Дед по своему обычаю сидел в запечке, курил трубку и ждал, когда часы пробьют восемь, чтобы завести их и отправиться спать. Он так обрадовался своему единственному сыну, что отложил трубку, встал и обнял его.
– Вот и ладно, что ты пришел… – сказал он бодро, точно исполнилось его сокровенное желание.
– Всего на три недели, – сообщил отец.
– Всего на три недели?.. – повторил за ним дед и задумался. Потом уселся на прежнее место, взял трубку и машинально повторил: – Всего на три недели… Ну, ладно… Хорошо, что ты пришел, теперь я уйду…
– Отец, что это вы говорите! – корила его мама.
– Знаю, что говорю! – повысил голос дед и торжественно добавил: – Мой час близок.
Я похолодел, поняв смысл его слов и тотчас уверовав в них, как верил всему, что говорил дед.
– У вас болит что-нибудь? – с тревогой в голосе спросил отец.
– Ничего, – покачал головой дед. – У меня никогда ничего не болело! – сказал он, не скрывая гордости. Потом дважды пыхнул трубкой и спокойно пояснил: – Усыхаю я…
Я вгляделся в него. Керосиновая лампа, которую мама все еще держала в руке и теперь, бог знает почему, подняла повыше, освещала его лицо сбоку. Я увидел, что он изменился, в самом деле усох. Рука, державшая трубку, была коричневатой, как высушенное дерево, лицо костистое, жесткое, почти неподвижное, только на виске билась голубая жилка.
Мы вернулись на кухню. Темное облако закрыло солнце, еще высоко стоявшее.
Дед каждое утро, и летом, и зимой, вставал в три часа.
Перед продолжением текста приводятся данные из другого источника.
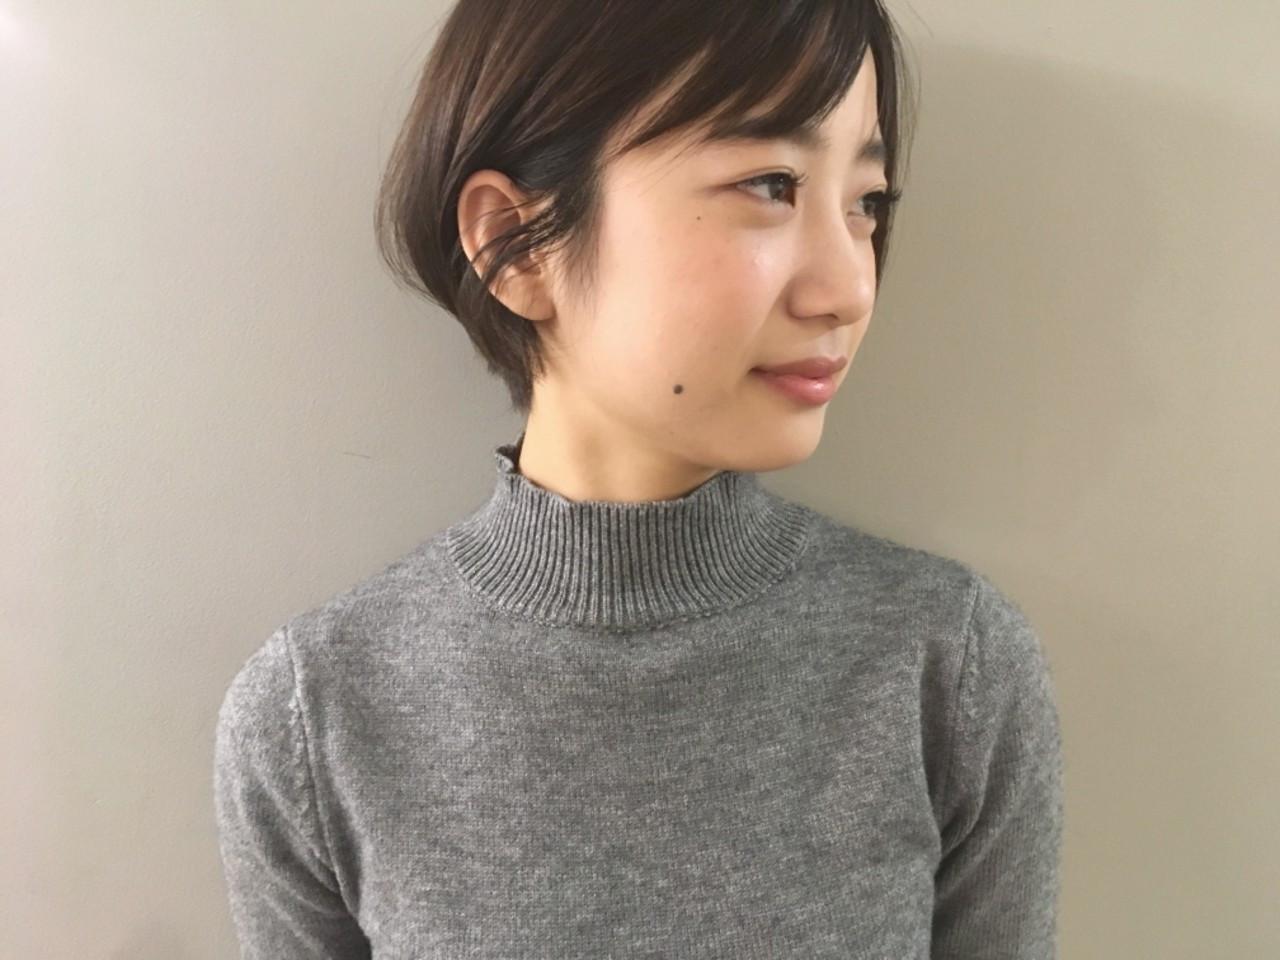 クール感を演出するのならアンニュイショート! 中堂薗 貴博 / LIM | LIM+LIM

Однажды, когда уже оставалось несколько дней до конца отцовского отпуска, утреннюю тишину не нарушила дедовская молитва. В шесть мама заглянула к нему, тут же вернулась и сказала отцу, что дед лежит и говорит, что «уходит». Отец вскочил с постели. Я выбрался из-под одеяла, зашлепал вслед за ним и, остановившись на пороге, услышал, как отец говорит деду:
– Я пошлю за доктором.
Я уже приподнялся на цыпочки, готовый по первому отцовскому знаку мчаться в «Пекни дом» за сердитым венгром. Но дед покачал головой и слабым, но решительным голосом сказал:
– Врач меня сроду не видывал и теперь не увидит… За священником пошли!..
Я обулся и побежал за священником. Дорога все время шла в гору, так что я порядком взмок, пока добрался до дома священника.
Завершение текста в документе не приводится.